Paris, p.45
Paris,
p.45
As she saw him to the door, she hugged him and said sadly,
‘These aren’t the easiest of times to be living through, are they?’
23.
Once upon a time, the whole wide world had been at his feet, but for years now, Alyosha had been under the feet of the world. He was sick and tired of being treated so shabbily, and he felt more and more strongly that Captain Malinowski was taking advantage of him. Ludwika sympathised with him, and put her arms around his neck and kissed him twice – once on his lips and once on the tip of his nose. Every time he stood this close to her, his skin danced. He had never been so happy. He had never been so unhappy.
Time was running out, and the decision had to be made.
‘I don’t want to work for the Captain anymore. He doesn’t give a damn about me, not really, I’m just his messenger boy. Why should I feel any loyalty to him? He should do his own dirty work.’

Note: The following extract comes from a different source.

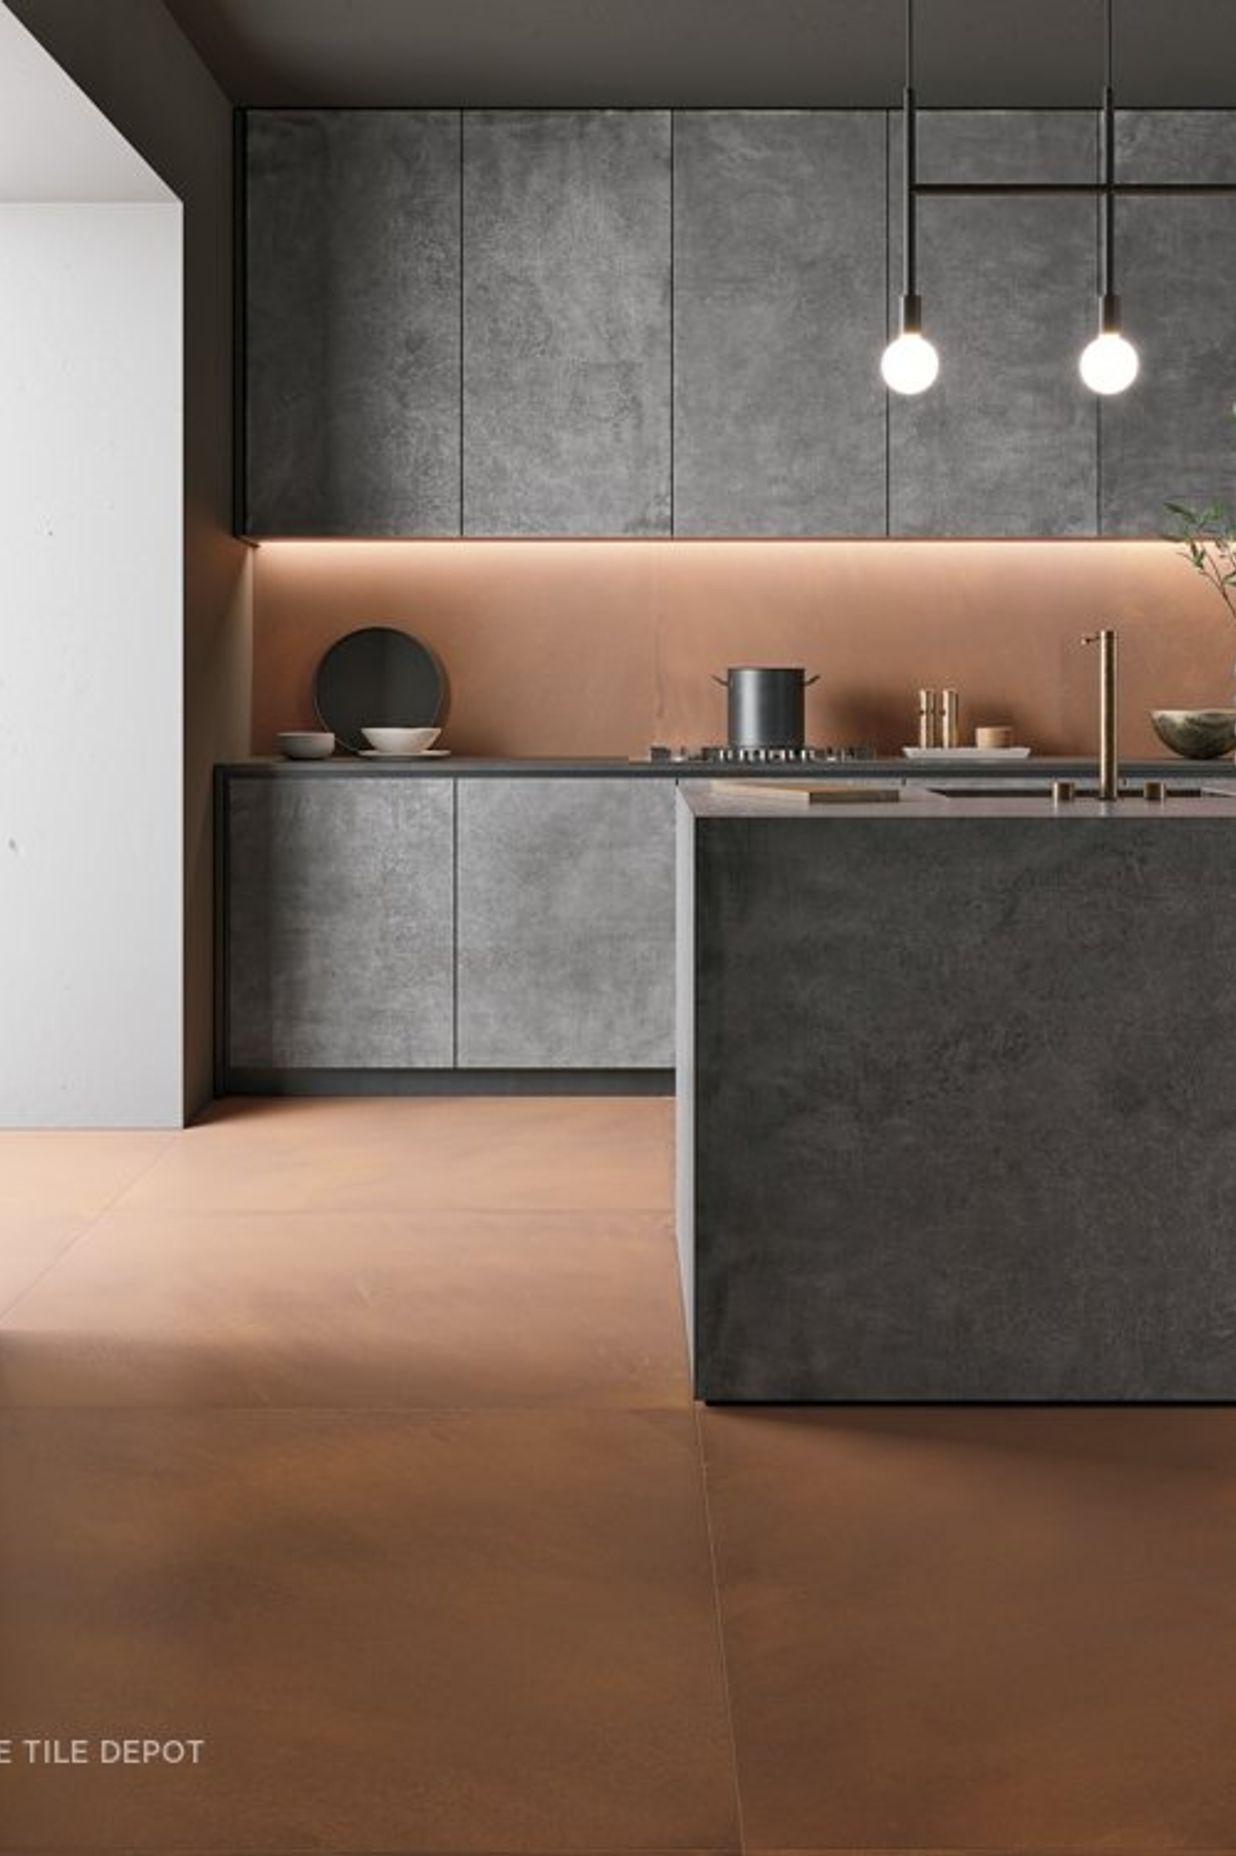 Foil Porcelain tiles are installed in the Splashback as well as the floors and give a sense of Urban Luxury. A contrasting cement finish tiles are also used as the front of cupboards to add to the industrial kitchen design (Tile Depot, 2021)

A few days previously, Alyosha had driven to Frankfurt Tor, in the east of the city, as instructed by Captain Malinowski, and parked under the tower. When the audience spilled out of the small theatre just adjacent after the performance, two men in grey suits slipped into the back of the car. They told him to drive them down Thaerstrasse, round Baltenplatz, and carry on until they reached Landsberger Chaussee. A voice from the back suggested he park in the shadow of a tall wall. He extinguished the lights of the motor car and heard the back doors opening and shutting.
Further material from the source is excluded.